Effect of Sb substitution on crystal structure, texture and hard magnetic properties of melt-spun MnBi alloys

Abstract

Melt-spun Mn50Bi50-xSbx alloys with x ≤ 5 were prepared at different solidification rates and characterized both in the as-spun state and after annealing. In the as-spun alloys, the Sb substitution leads to the formation of a metastable phase, similar to the binary “quenched high-temperature phase” but without the superstructure of the latter and exhibiting a different – increasing – temperature dependence of coercivity. The new nanocrystalline metastable phase is not only itself characterized by a high room-temperature coercivity (in excess of 20 kOe), but upon annealing it transforms into a high-coercivity (up to 13.5 kOe) “low-temperature” α phase. However, the advantage of obtaining a high coercivity without the otherwise required milling made possible by the Sb substitution is undermined by the absence of a local crystallographic texture in the melt-spun alloys. The best combination of the isotropic hard magnetic properties realized for the Mn55Bi43.5Sb1.5 composition is a remanence of 35.5 emu/g and a coercivity of 8.1 kOe. The annealed Sb-free Mn50Bi50 alloys did possess a local crystallographic alignment and, for high solidification rates, a moderate coercivity up to 5.6 kOe; however, they had an inadequate “rectangularity” in the demagnetization curve.
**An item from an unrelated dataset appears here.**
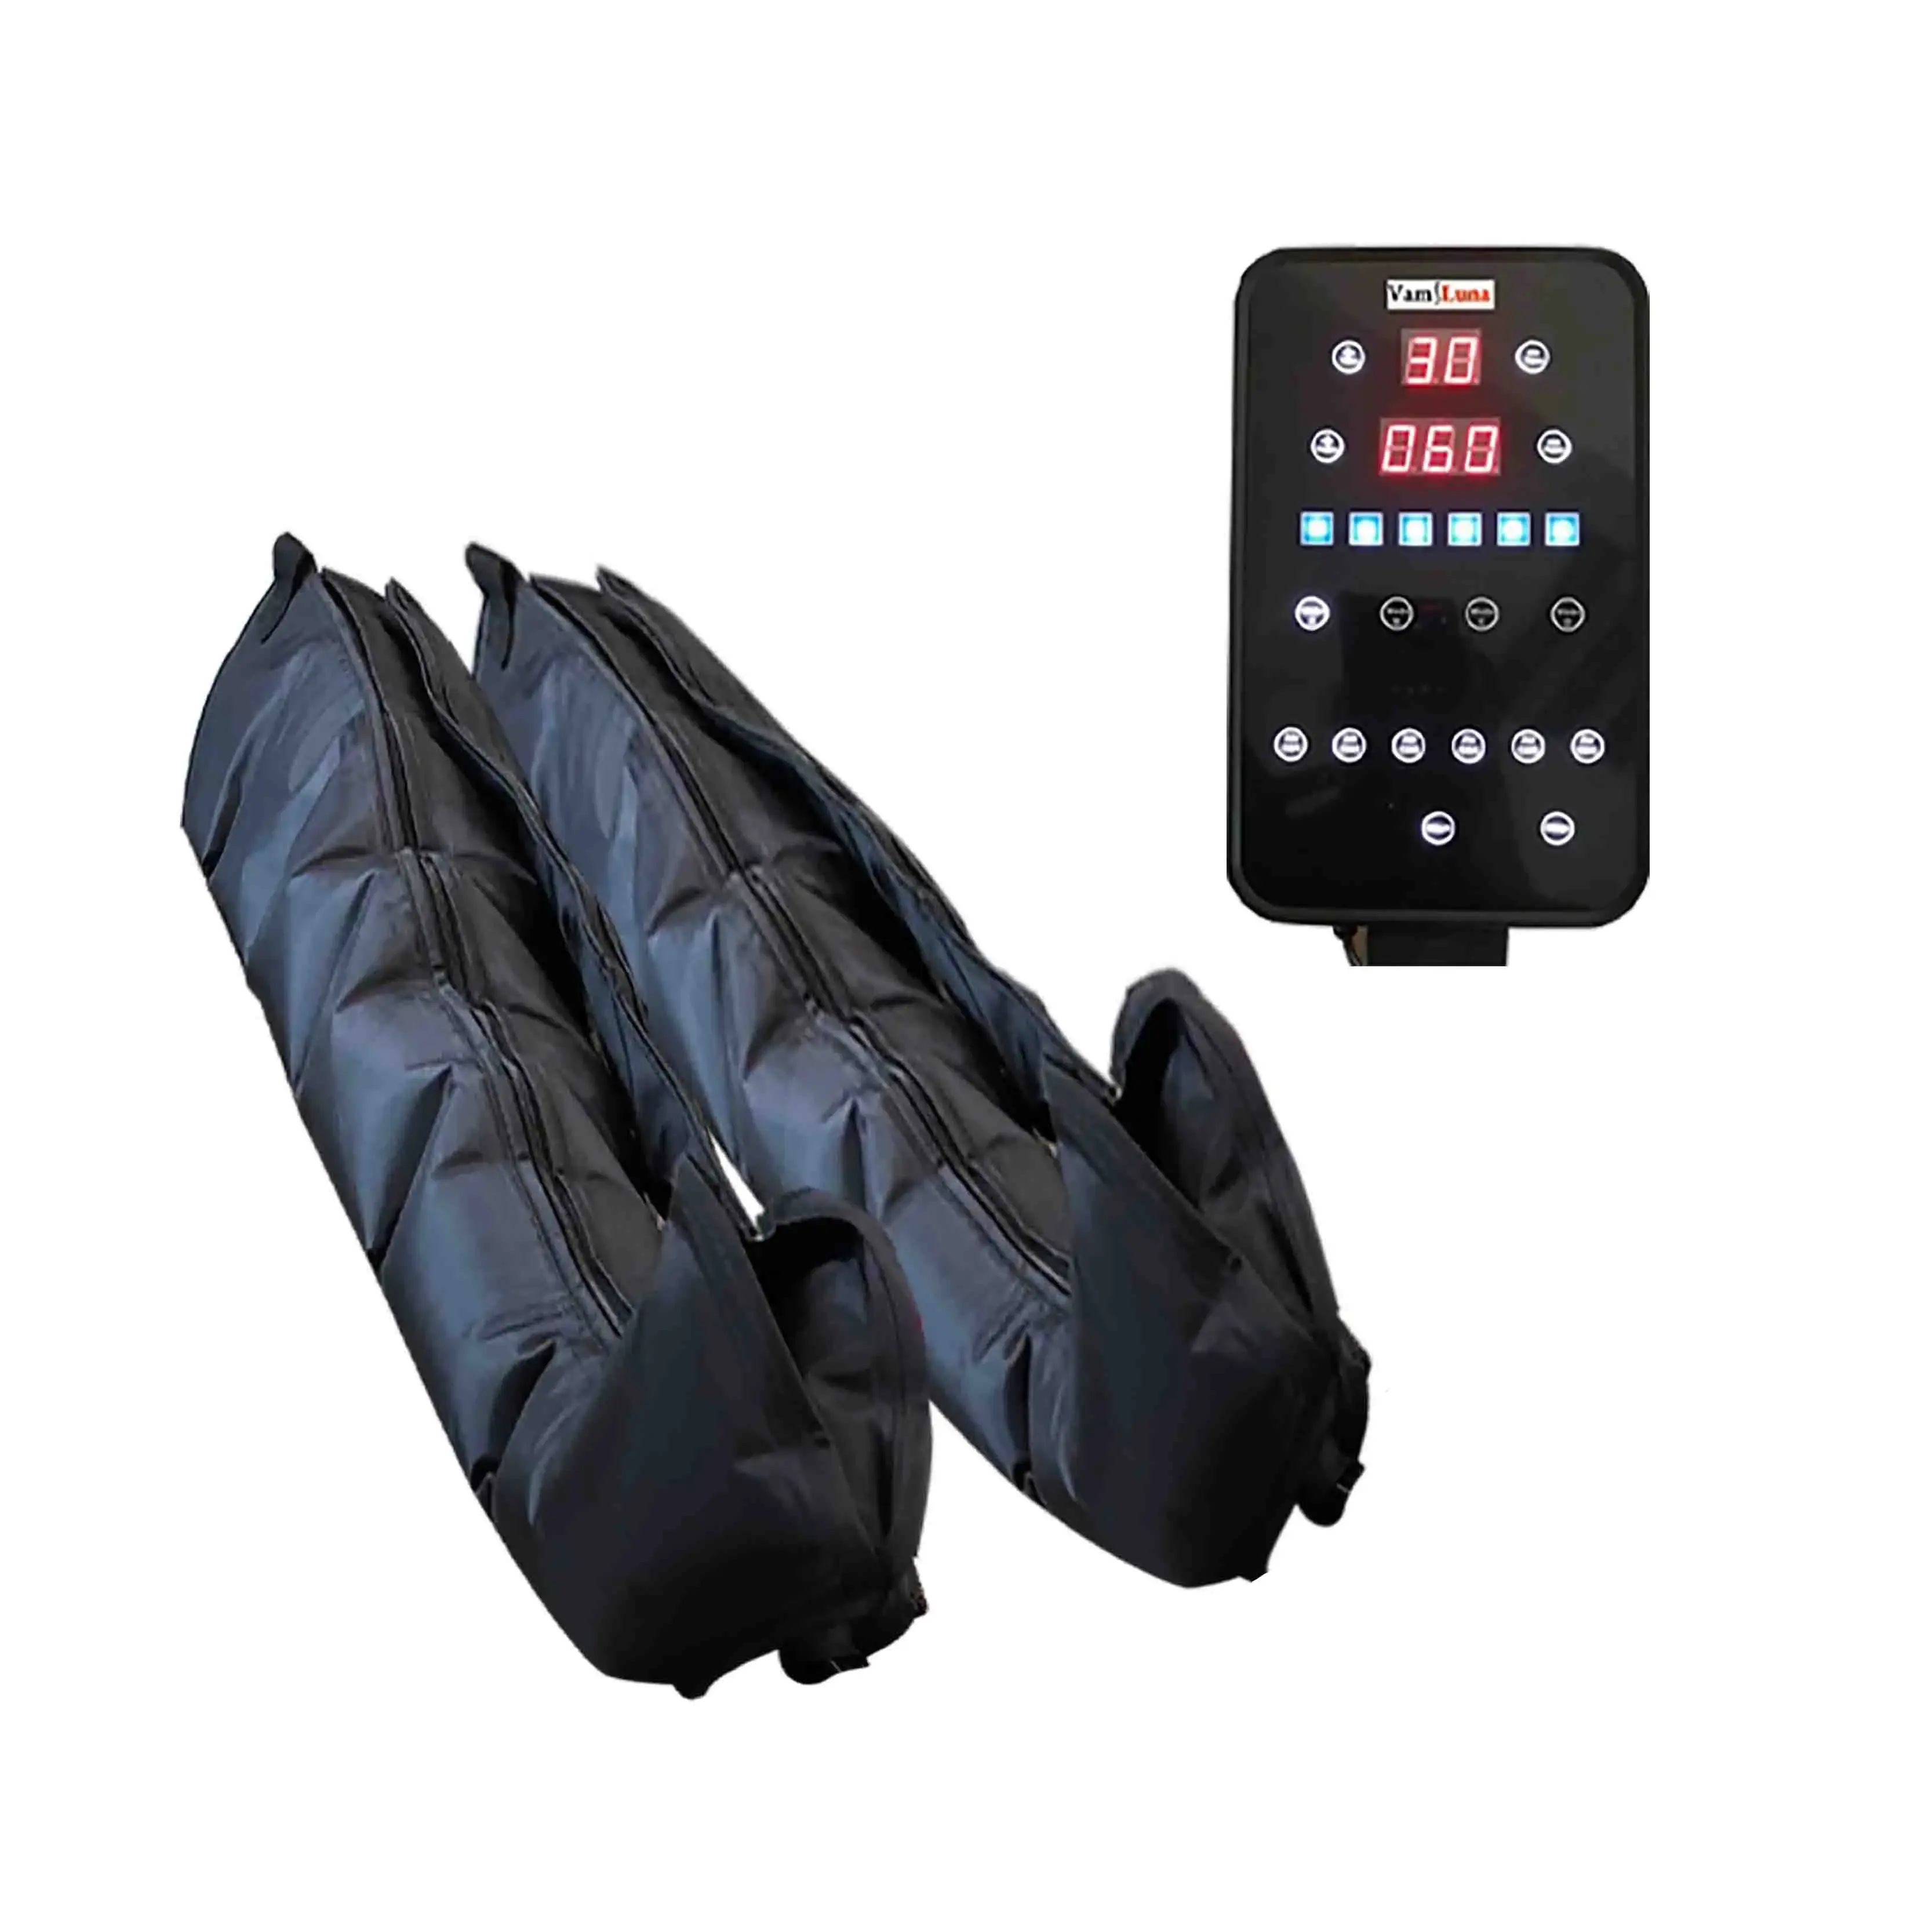 Alat pemijat kompresi udara XXL, Set pembungkus pompa sirkulasi udara dengan 6 bantalan udara untuk pijat perut dan kaki dan pompa tekanan

The orthorhombic compound known as MnBi0.9Sb0.1 and described earlier as antiferromagnetic was obtained in the annealed ribbons with x ≈ 5. The compound was found to order ferromagnetically between 200 K and ≈250 K and to exhibit a significant coercivity, 14.3 kOe at 50 K. It is suggested that the MnBi0.9Sb0.1 may actually be a Sb-stabilized “new phase” observed earlier as metastable in the Bi–MnBi eutectic alloys.